Usmanbaş was an experimental composer, one of the second generation of Turkish composers, coming after the Five, and opposed to their ideas. He worked with a freedom of form and a concentration on intensity rather than melody, with techniques that include neo-classicism, aleatoric music, Twelve-tone technique, serialism, and minimalism. He wrote nearly 120 compositions.

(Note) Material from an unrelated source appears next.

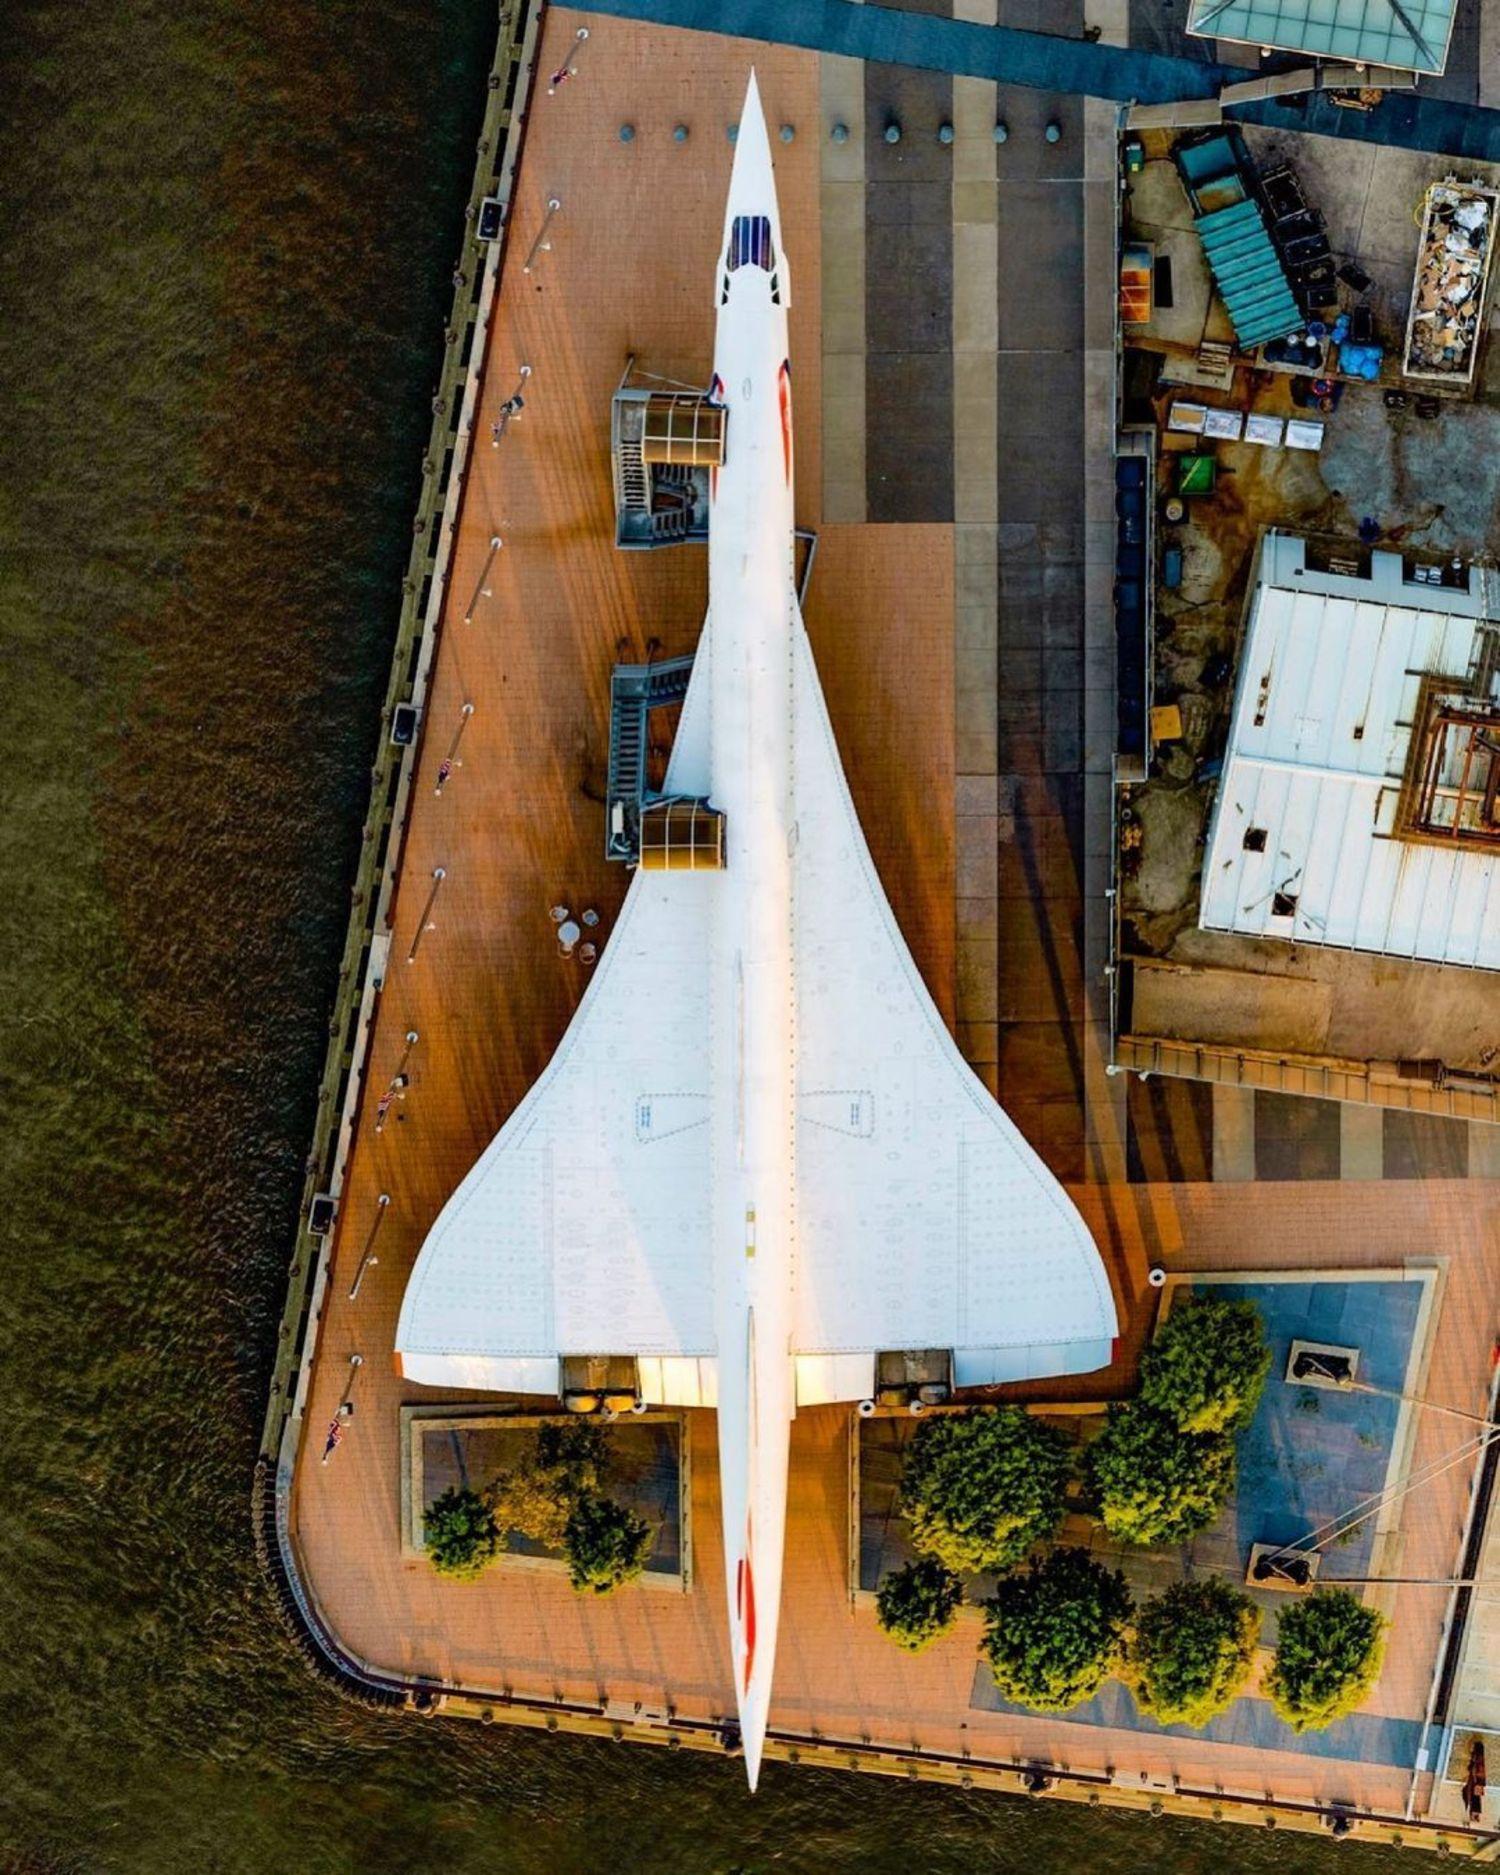 Concorde Jet, Intrepid Sea, Air, and Space Museum, Manhattan
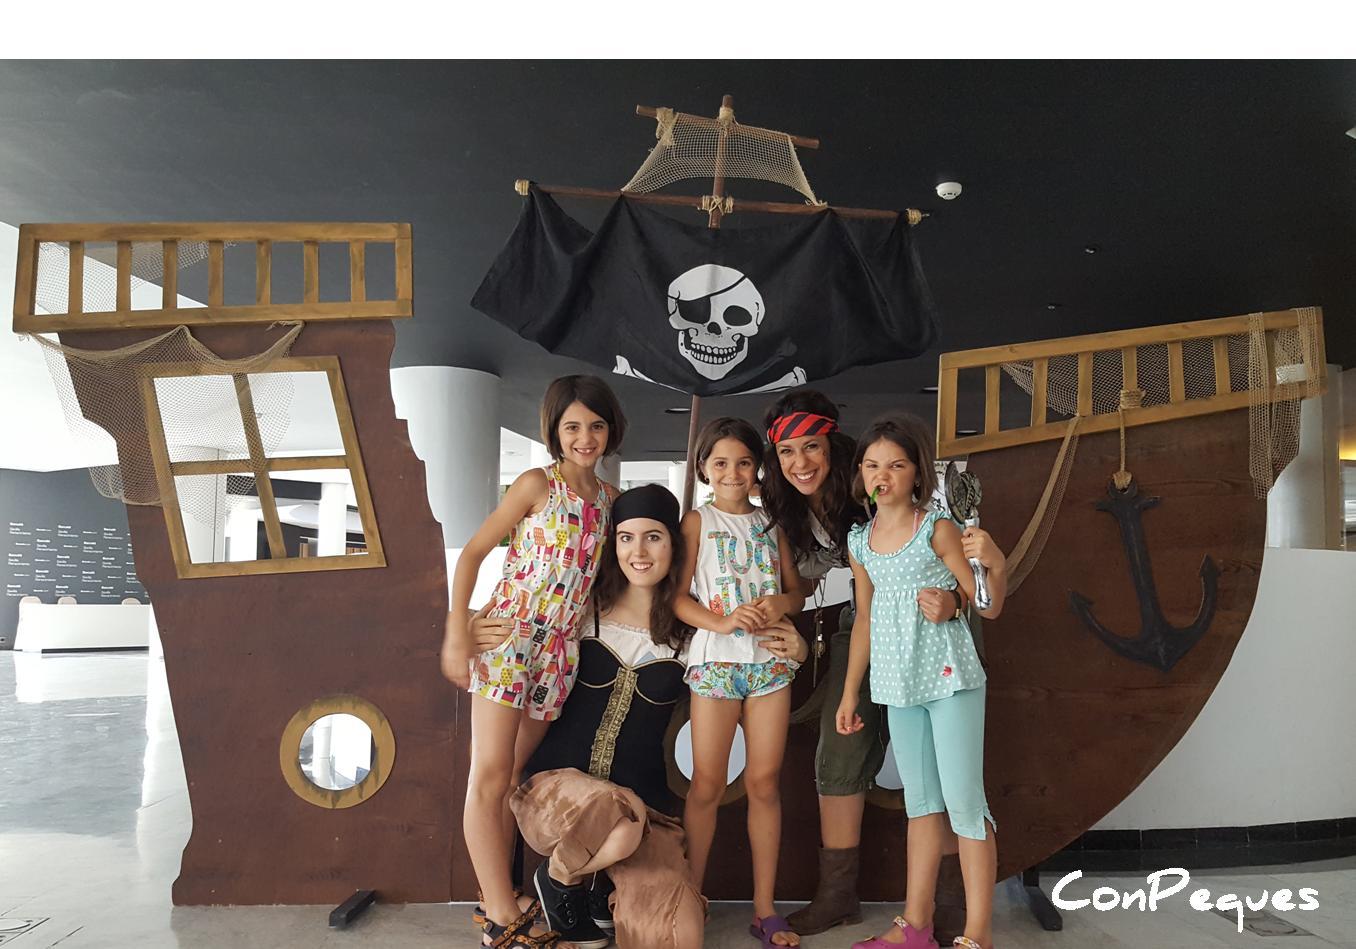 As U00ed Se Vive Un Verano Pirata Con Peques En El Barcel U00f3

Usmanbaş published books and translations, and wrote congress programs and articles during his long years as a lecturer of musical composition. He translated works in to Turkish, especially André Hodeir's Les Formes de la Musique as Müzik Türleri Ve Biçimleri , and Short History of World Music by Curt Sachs as Kısa Dünya Musikisi Tarihi. He became director of first the Ankara State Conservatory and then the Istanbul Conservatory where he was in office until 2011. He influenced generations of students including Fazıl Say. The sheet music collection of Usmanbaş's works is held by the Sevda-Cenap And Music Foundation.

=== Personal life ===
Usmanbaş married the soprano Atıfet (born 1923) in 1948. She died on 3 February 2022 at the age of 99 in a nursing residence and where they had lived for eleven years at the time.

İlhan Usmanbaş died on 30 January 2025 at the age of 103. (Note: Some sources mislabel his age as "104".) He was buried at Zincirlikuyu Cemetery following a memorial ceremony held at the Atatürk Cultural Center.

== Awards ==
Usmanbaş received more foreign awards and honours than any other Turkish composer. He received commissions from the Koussevitzky Foundation in the United States, the Fromm Music Award, the Koussevitzky Award in 1958, the Wieniawski Award in Poland in 1967, the award of the International Competition for Ballet Music in Switzerland in 69, and the prize of the International Composers Tribune in Paris. In 1971, Usmanbaş became a State Artist in Turkey. He received a gold medal from the Sevda–Cenap And Foundation in 1993. Boğaziçi University awarded him an honorary doctorate in 2000. He was presented with a Lifetime Achievement Award at the 32nd Istanbul International Music Festival in 2004.